Dr. Said, who was sixty-five, was one of those rare doctors who believe in medicine. Usually doctors order their patients not to smoke and impose a special diet on them because of cholesterol and blood pressure but don’t themselves stop smoking or devouring fatty foods or developing pot bellies. Dr. Said was different. He followed his own advice because he didn’t want to die. He told Hend he was a doctor and knew why people died, so he was going to close all doors in the face of death and live until he was fed up with life.
Hend couldn’t understand how someone who had passed sixty could not be fed up with life. What was he waiting for, now that all waiting had ended? She’d got fed up before making it to twenty-five. Beirut was the city of boredom and despair, she told the doctor, “because the war keeps repeating itself endlessly and I’m sick of war.”
The doctor told her he couldn’t understand why she talked that way. “War’s like life. Everything in life repeats itself but it’s renewed or gives the impression of renewal. This is the secret of the seasons of nature, and the war too renews itself and its people and its slogans, as though it sums up all time. Modernity mixes in it with backwardness and to its rhythms we discover the meaning of history.”
“I’m sick of myself,” said Hend.
“There’s the mistake,” responded the doctor. “The secret of mankind is love. War gives us the illusion of history and the seasons give us the illusion of nature renewing itself, but love makes us live what is unique. We believe we’re living something special and exciting that no one but us has ever lived. It seems you’re not in love, my dear, even though you’re a cute little thing.”
“Please, doctor! No love, no worries!”
“You’re wrong, Hend. Love and you’ll see.”
“But first I have to find Mr. Right.”
“What are you talking about?” said the doctor. “Love love and you’ll see it can make anyone a Mr. Right.”
And that was how it was. Hend found herself loving love. Husky voices enchanted her and shining eyes intoxicated her. She was like someone sailing seas filled with surprises and discovered that her relationship with Karim had been practice for the love that awaited her.

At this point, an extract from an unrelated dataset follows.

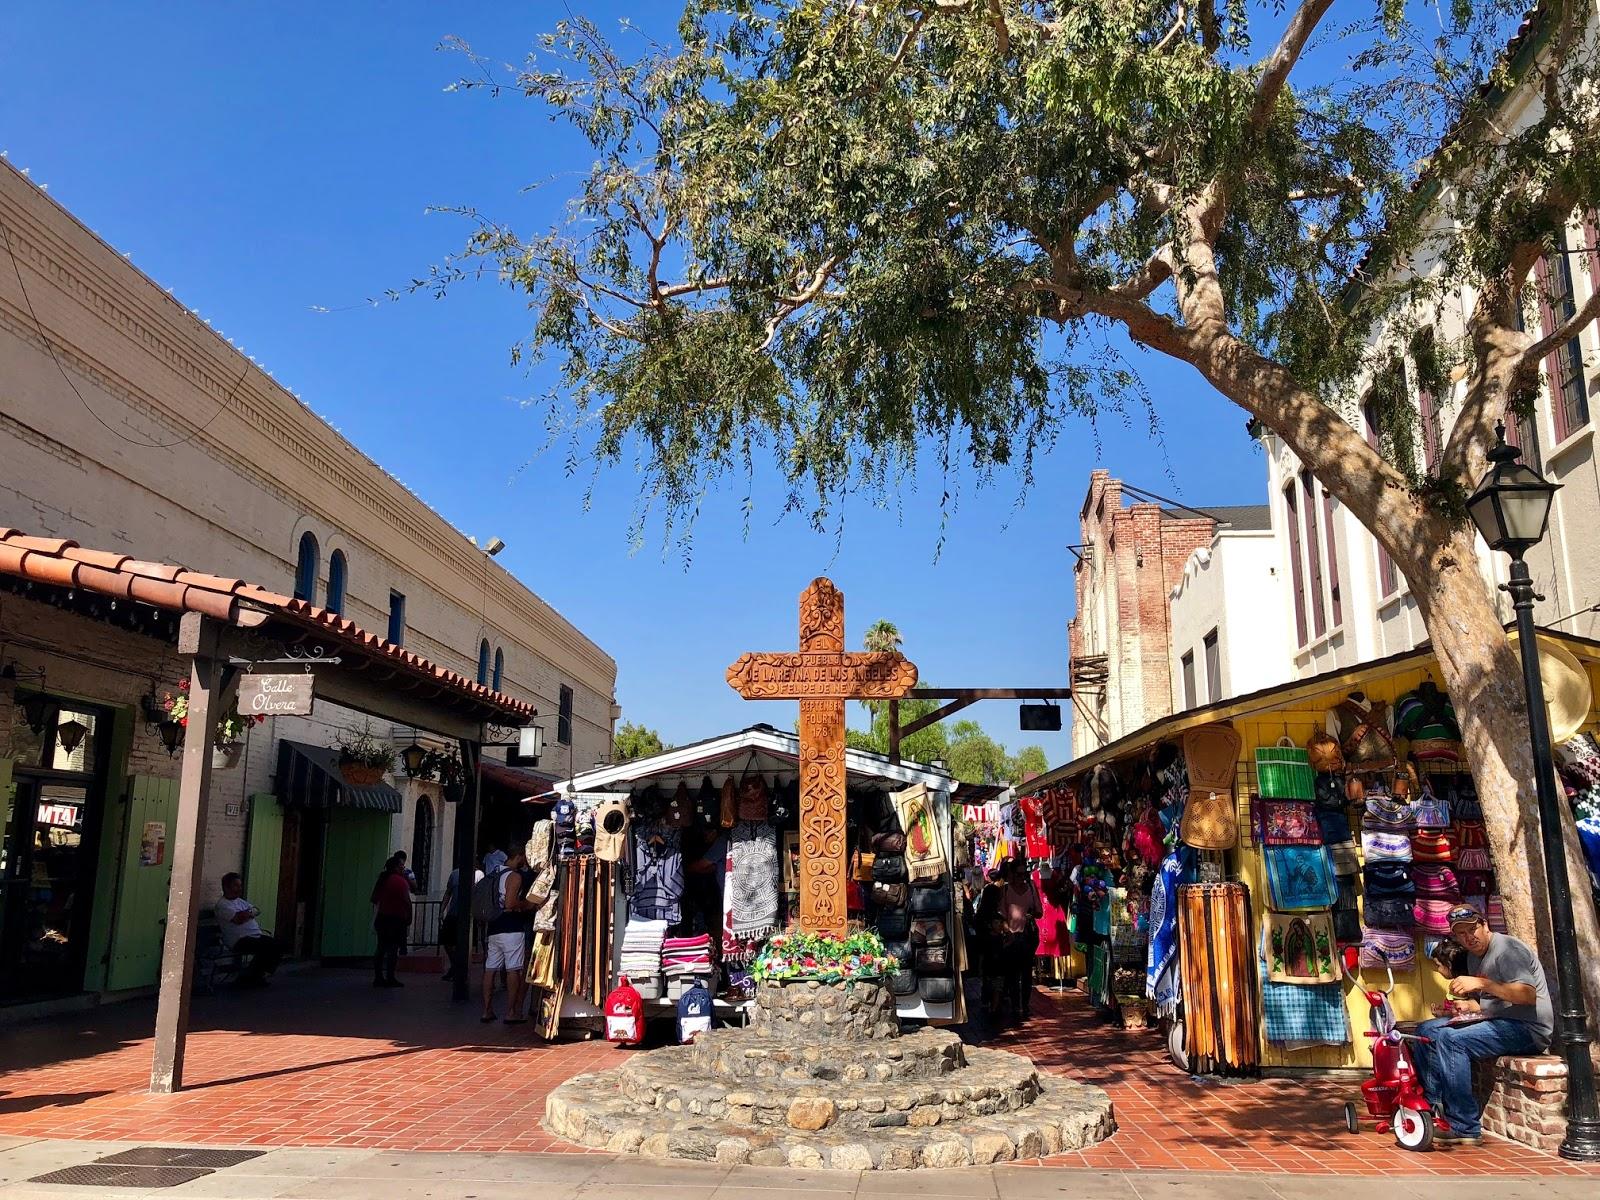 Olvera Street Entrance - Life in Wanderlust
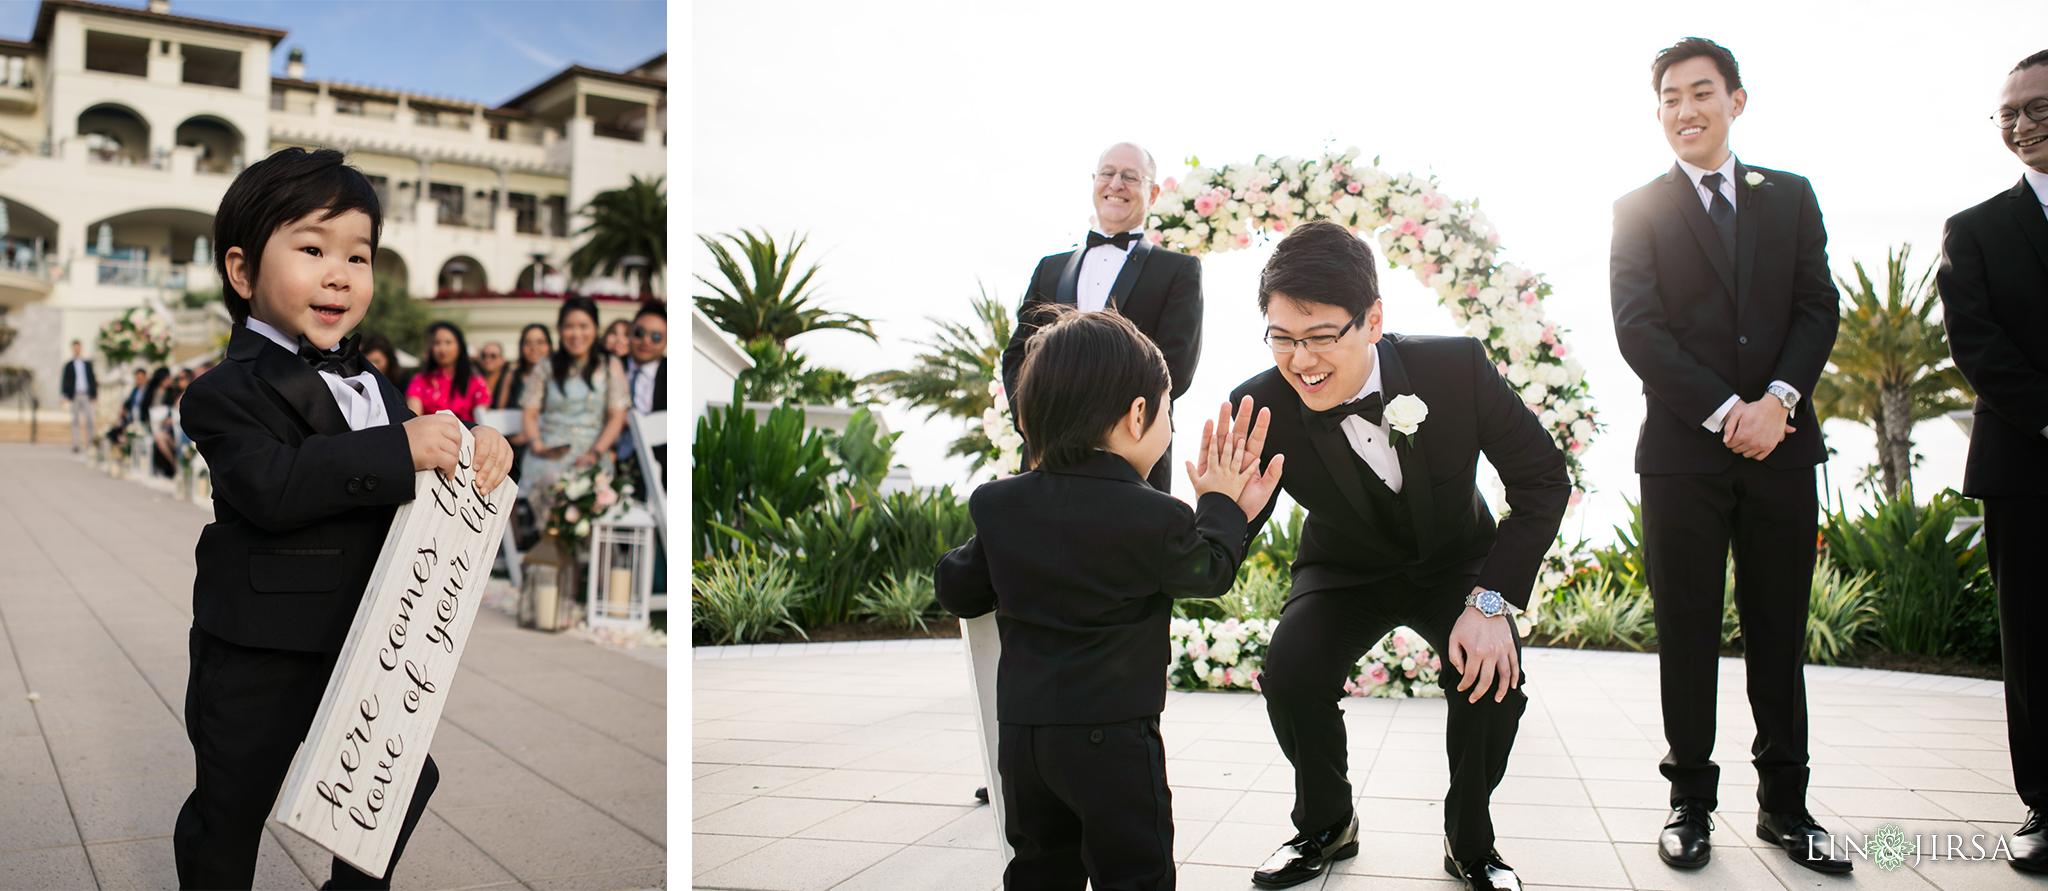 21 Monarch Beach Resort Dana Point Wedding Photography

In Nasim’s disappointment at life she saw her own, in his troubles with his father an echo of her own interrupted childhood, and in his feelings of loneliness something of her own despair and frustration after her sad experience with Meena. She learned from him not to ask. When she asked him about his work he said he didn’t want her to bother about such things and all she had to do was welcome his soul and his love and forget everything else. Hend washed her new world in the waters of the sea. Nasim rented a chalet at the Beach Club pool that looked out over the Bay of Jounieh and sank with his beloved into the saltiness of the sea. He was a champion swimmer and she felt intoxicated whenever the water covered her brown body, which flashed in the sun.